::: Input records :::

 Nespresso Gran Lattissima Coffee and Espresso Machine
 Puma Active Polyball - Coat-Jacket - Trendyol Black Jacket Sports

:::
::: Input records :::

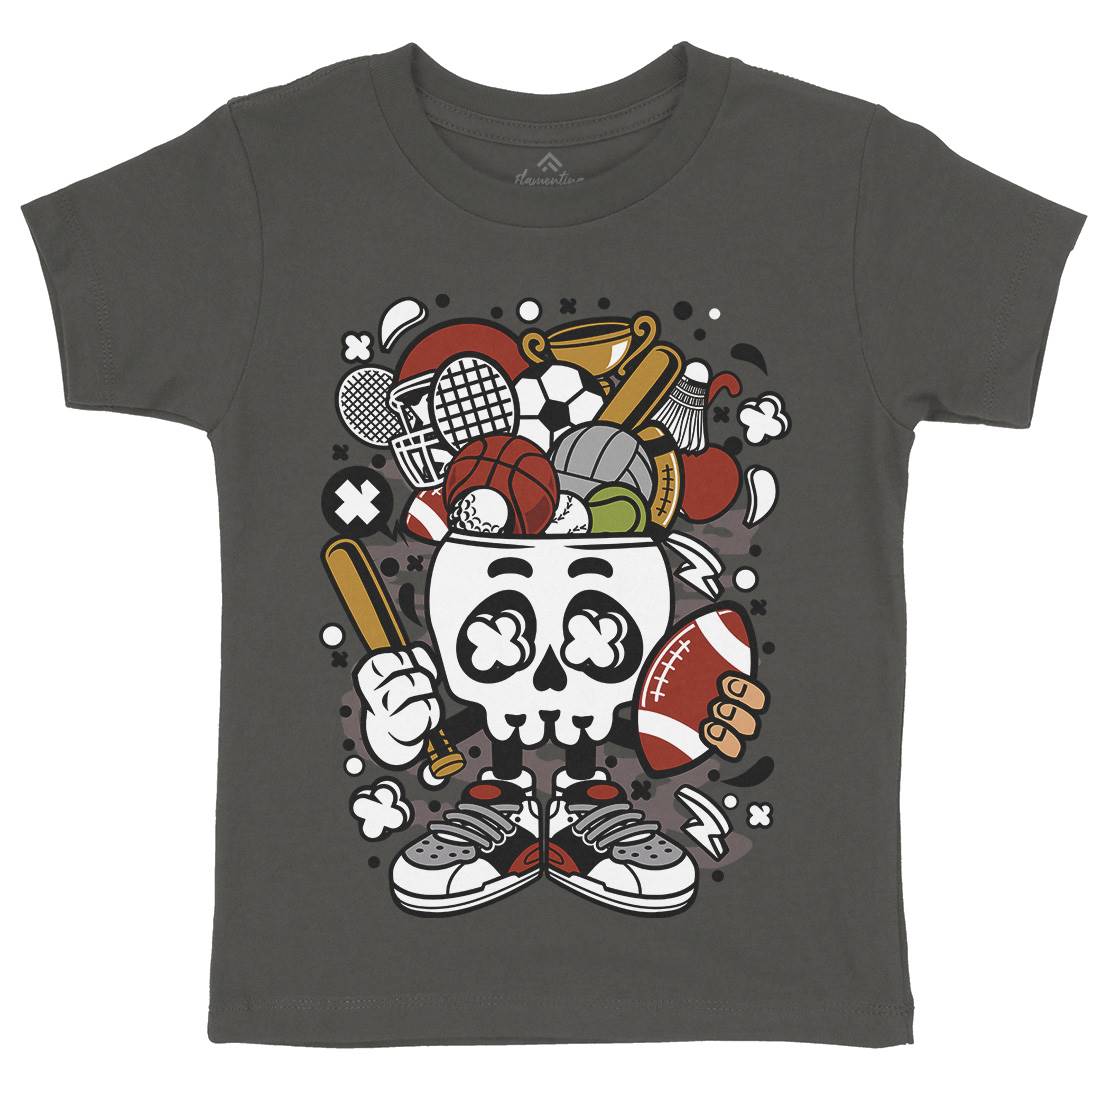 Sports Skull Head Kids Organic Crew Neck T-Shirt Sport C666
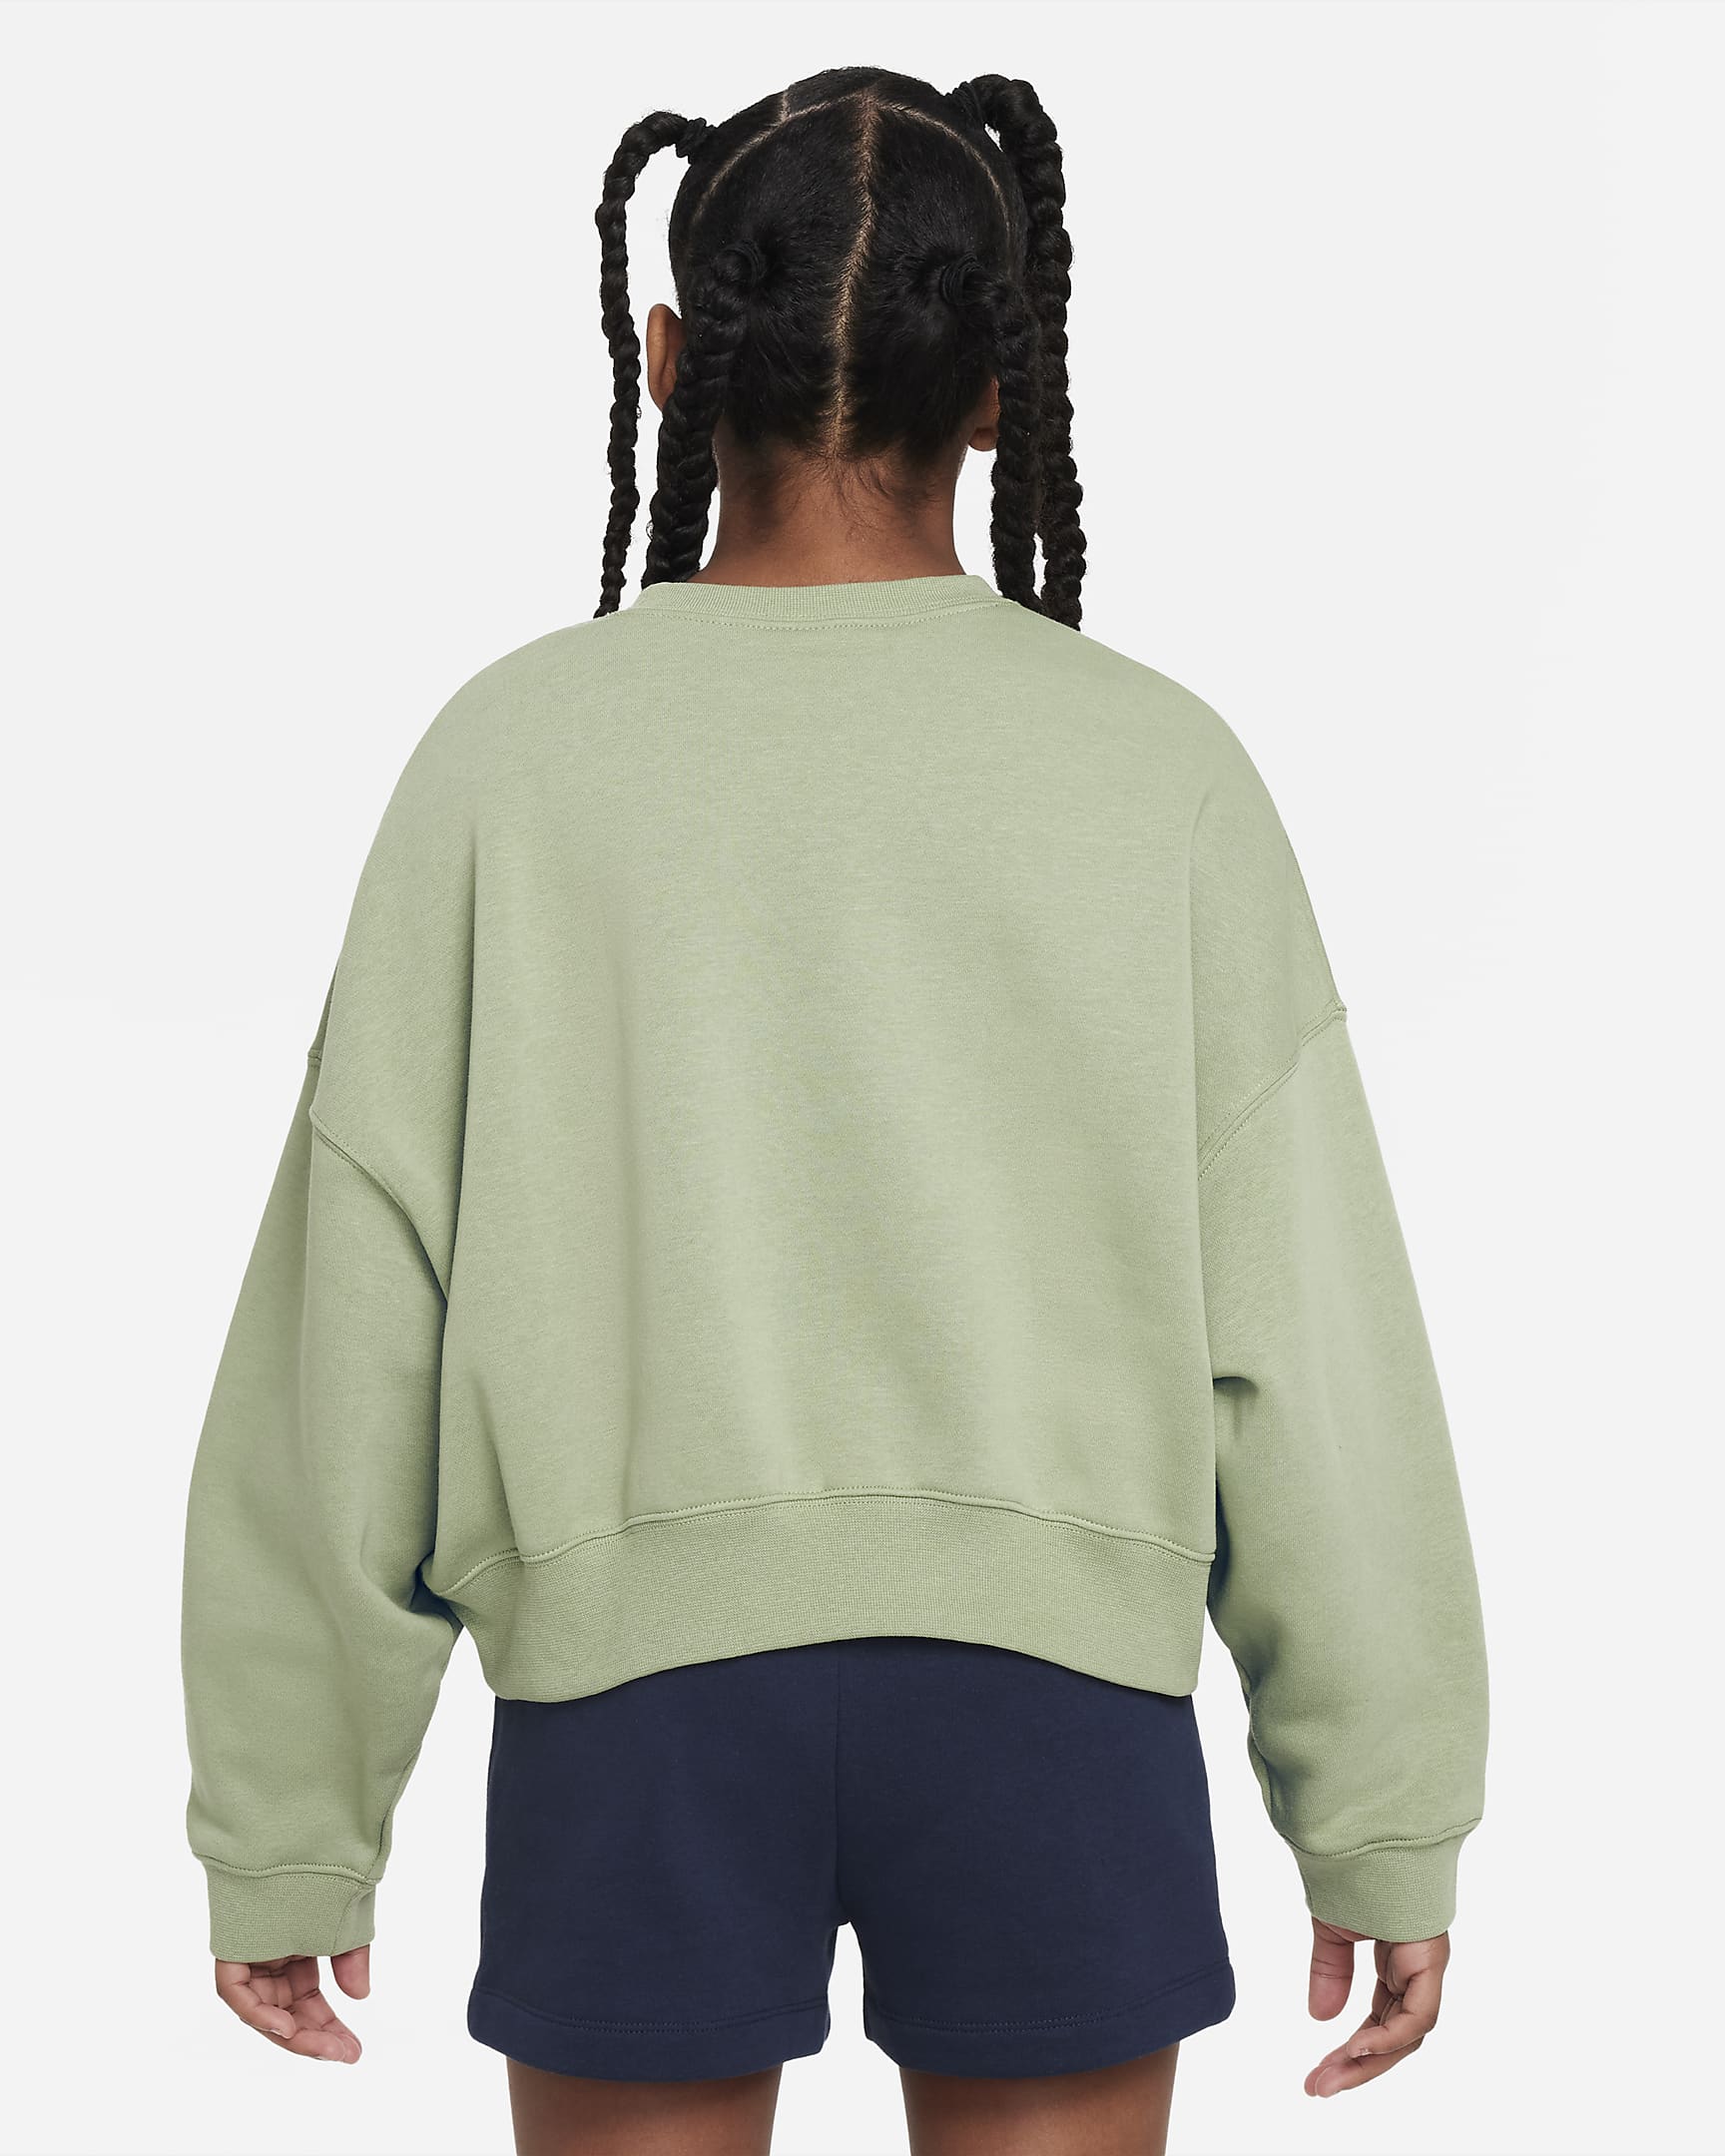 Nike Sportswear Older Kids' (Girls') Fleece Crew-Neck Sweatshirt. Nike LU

:::

Once you find the line with "Nespresso Gran Lattissima" in the entries above, output it and each line after it up to and including the line with "Puma Active Polyball", and nothing else.

- Task response -
 Nespresso Gran Lattissima Coffee and Espresso Machine
 Puma Active Polyball - Coat-Jacket - Trendyol Black Jacket Sports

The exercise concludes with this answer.